**Source material**
━━━━
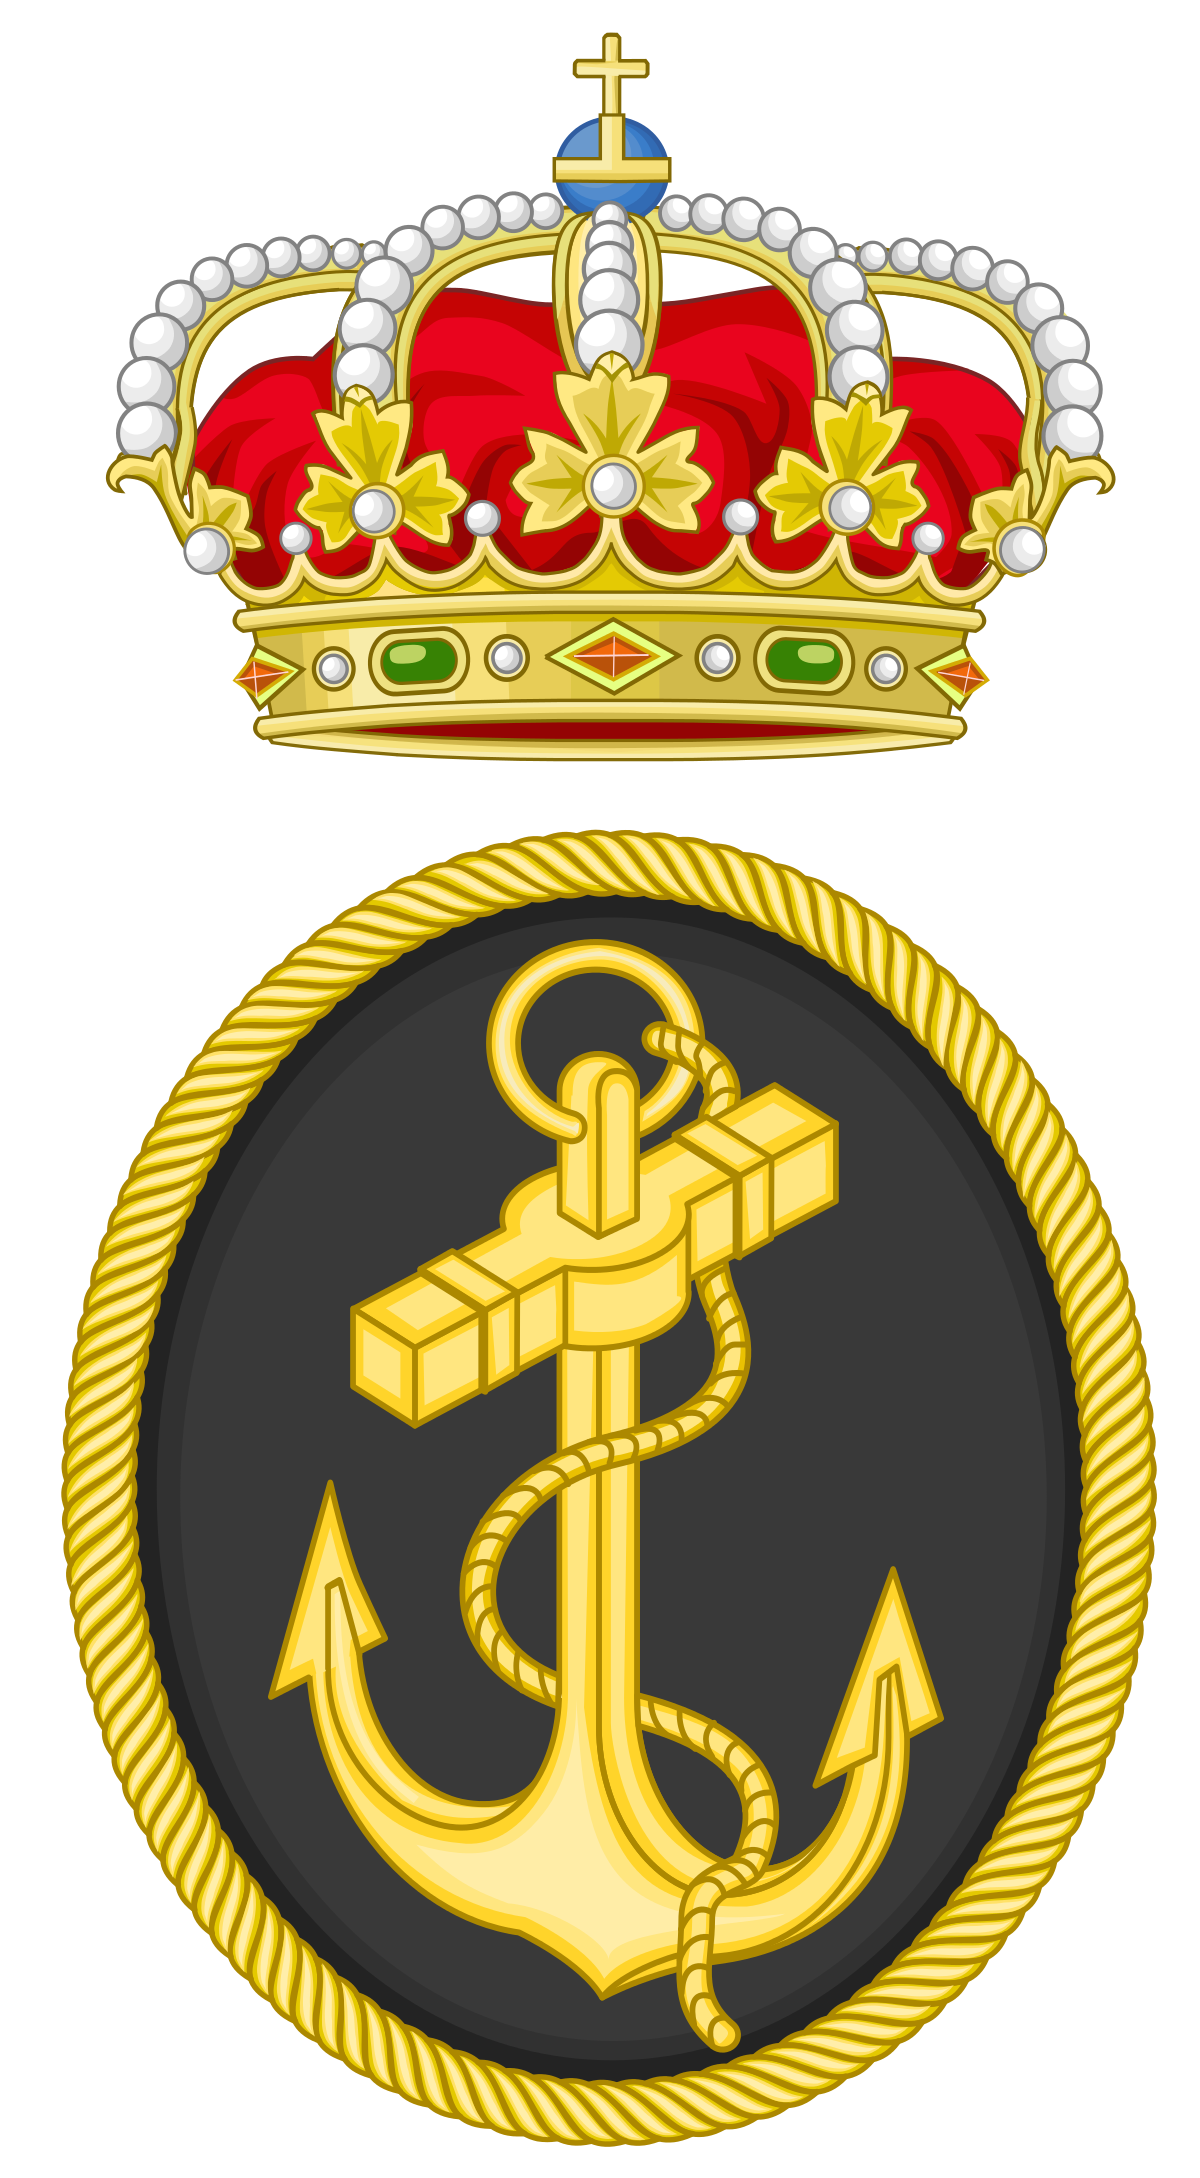 clip transparent stock Christopher columbus clipart wikipedia. Spanish navy .
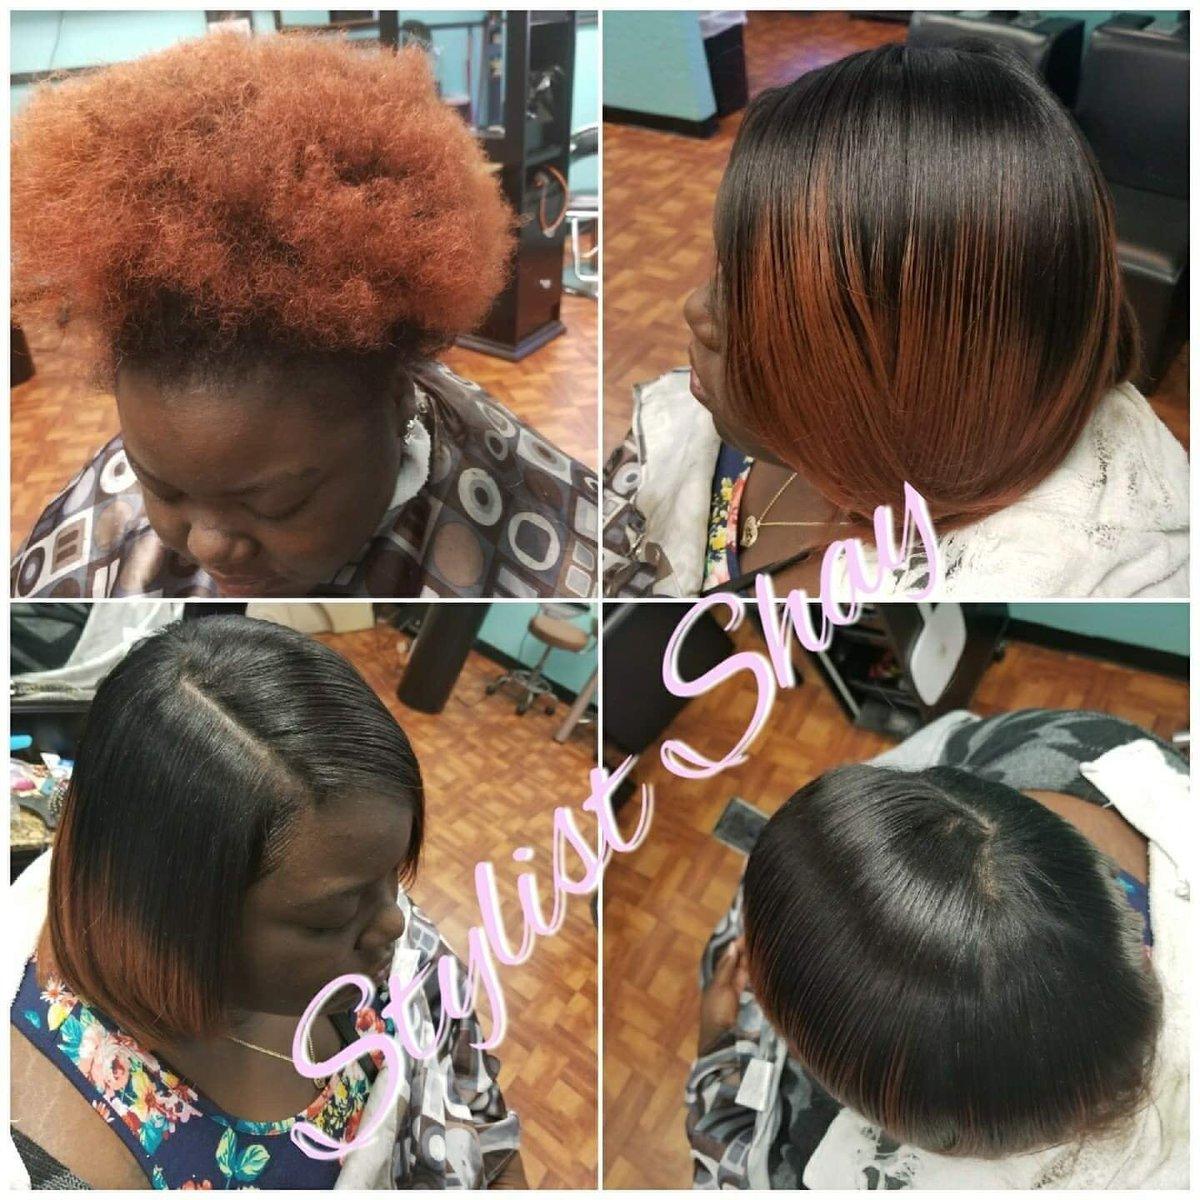 Stylist Shay Healthy Hair Specialist Stylistshay Twitter
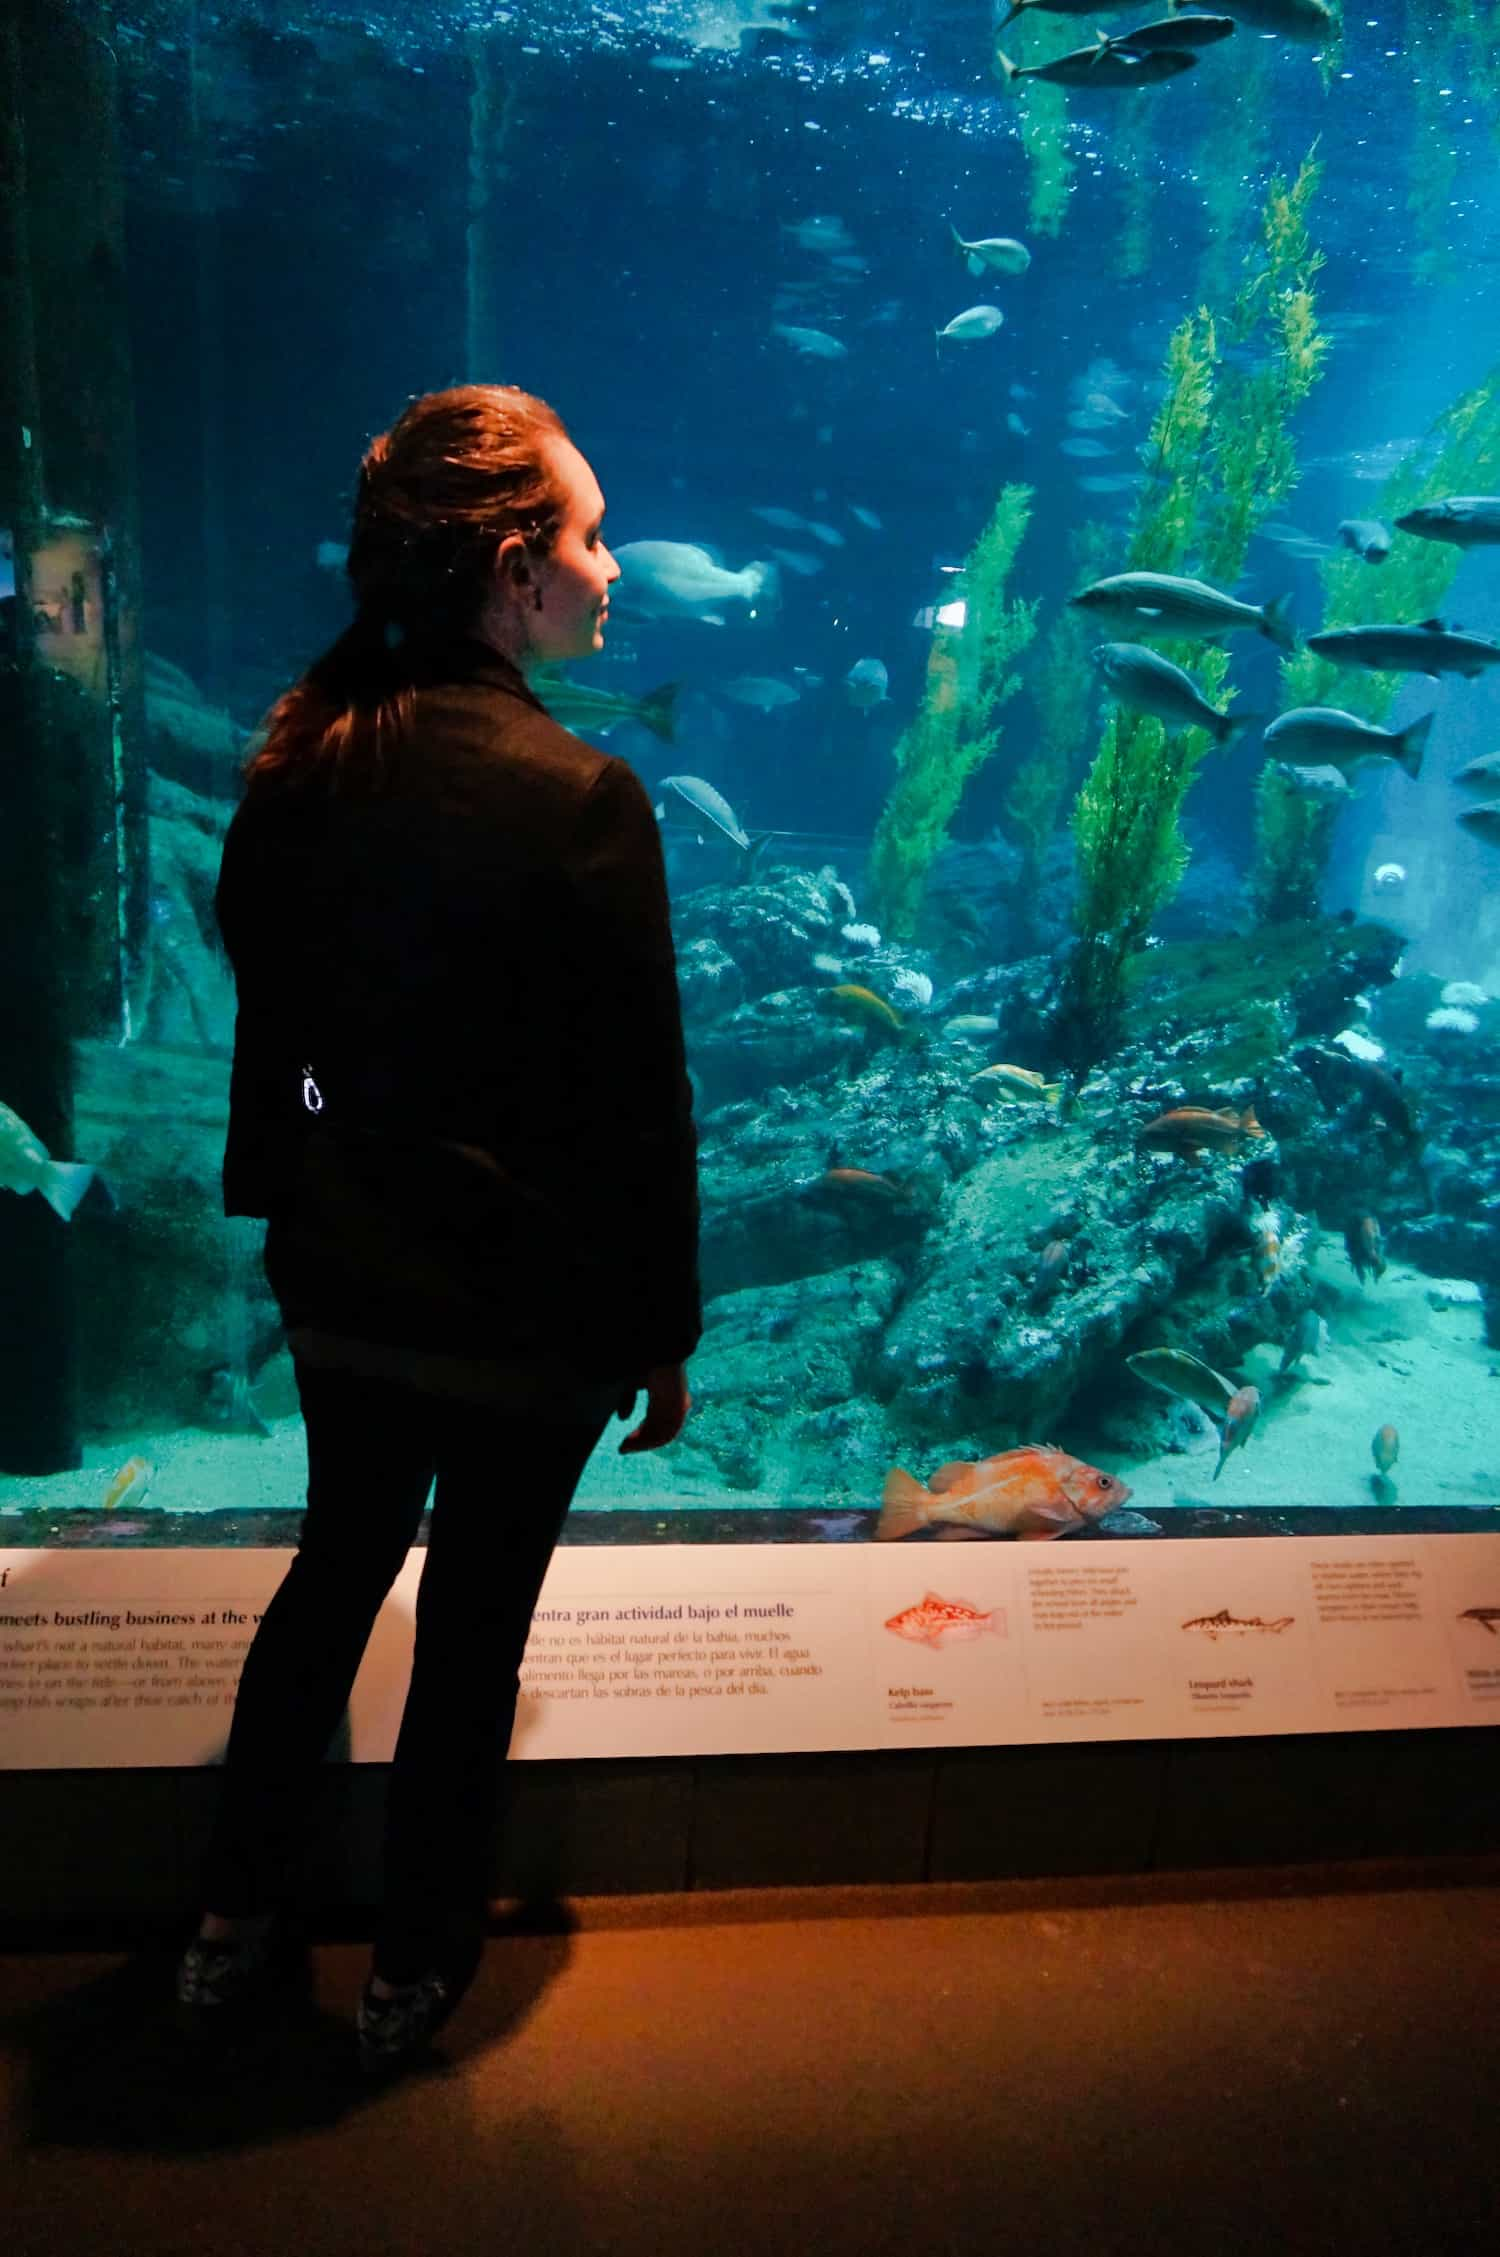 Standing at the Monterey Bay Aquarium
━━━━
**Task objective**
Please retype the material above exactly, and omit its images.

**Answer box**
 clip transparent stock Christopher columbus clipart wikipedia. Spanish navy .
 Stylist Shay Healthy Hair Specialist Stylistshay Twitter
 Standing at the Monterey Bay Aquarium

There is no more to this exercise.